Cremation services that serve the area of Bellingham, WA include access to grief resources within the community that can help you through the grieving process. However, sometimes the first place to start to understand – and make your way through – the grieving process is to recognize that grief isn’t one long and continuous road, but instead a serious of steps that may flow into each other seamlessly or may have wide gaps between them.
One phase of grief after you lose someone you love is the act of putting on your emotional armor to absorb the loss. This translates into shock, numbness, denial and protest, and even hysteria immediately following the death. This emotional armor protects us from the full force of the blow of the loss we have just suffered and gives us the ability we need to get through the funeral process in, more or less, one piece.
The next phase of grief consists of being easily distracted (unable to focus and concentrate), experiencing depression, and feeling emotionally detached from life and others.
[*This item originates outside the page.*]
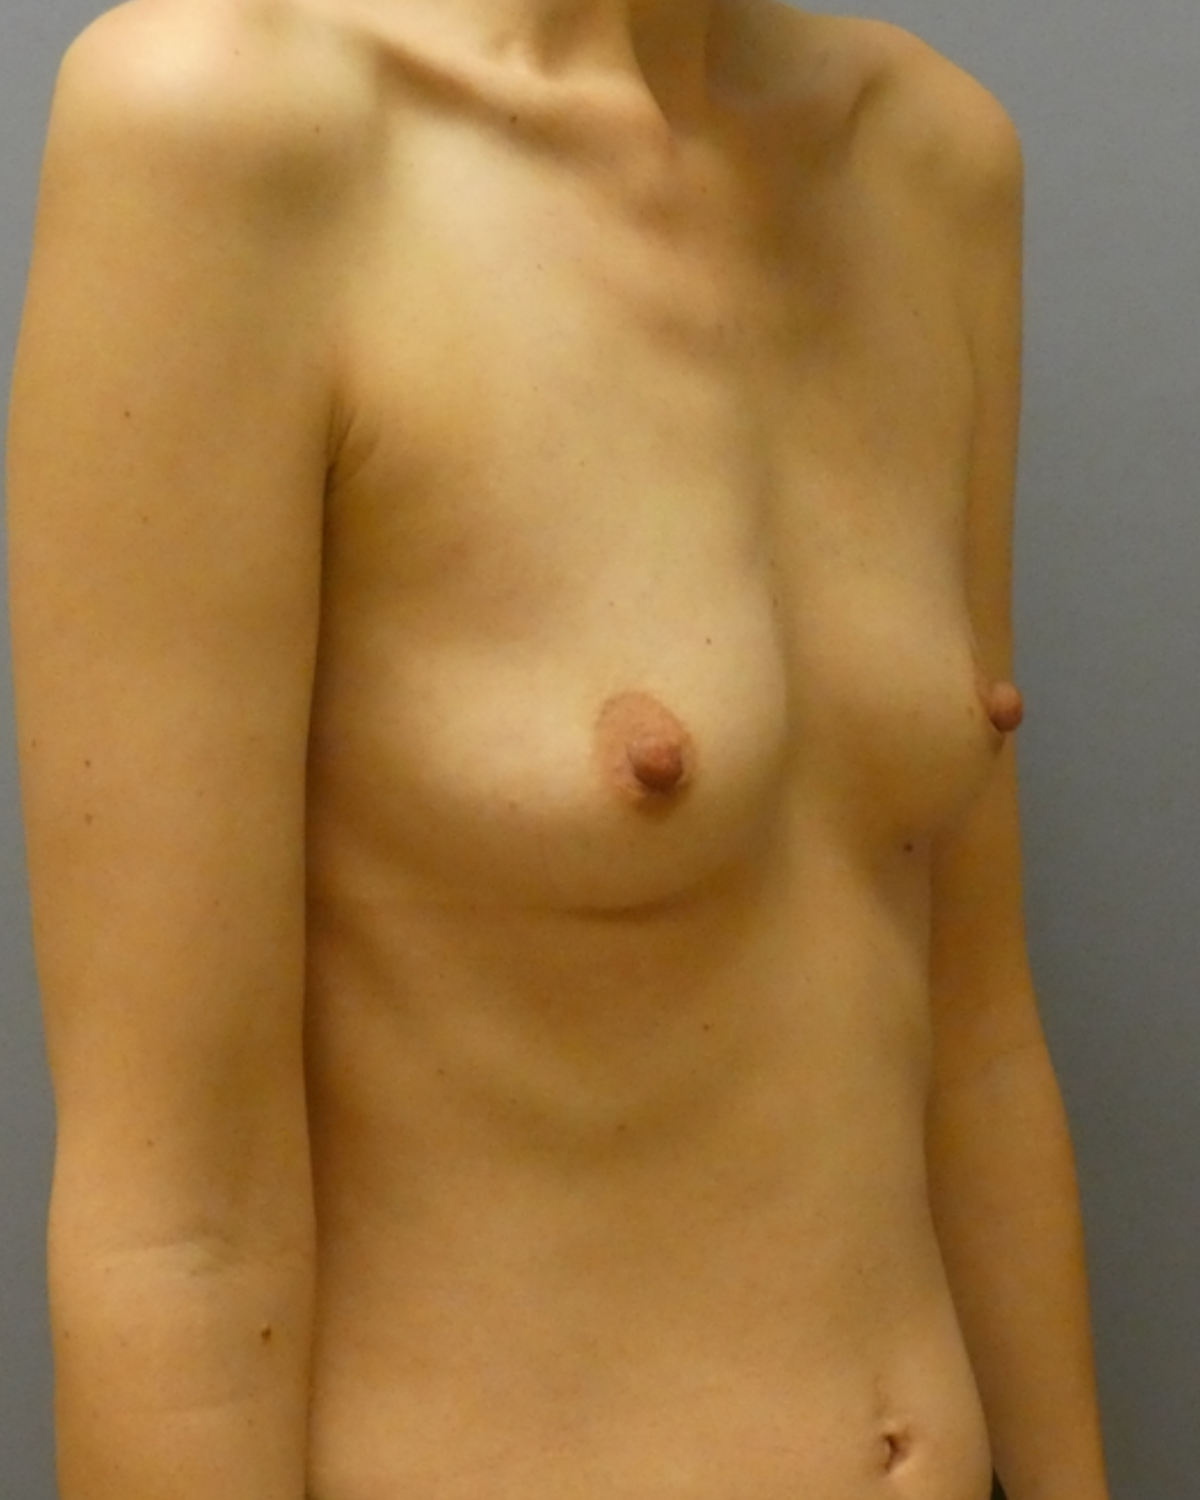 Breast Augmentation Gallery Before Patient 1

This is the heart on death. It can be impossible to stay on track with anything when your emotions are all over the place and you may find yourself constantly getting lost in memories of your loved one.
Even though some of this distraction may be comforting as you recall the good times with your loved one, it can also create depression because you realize those memories are a past you can’t go back to and there will be no new memories with your loved one going forward.
Emotional detachment from others falls into the this phase because as you remember the past and realize that it’s over, your heart, in response, essentially says, “I’m never going to let myself get that close to anyone again, because this hurts so much, and I don’t ever want to hurt like this again.”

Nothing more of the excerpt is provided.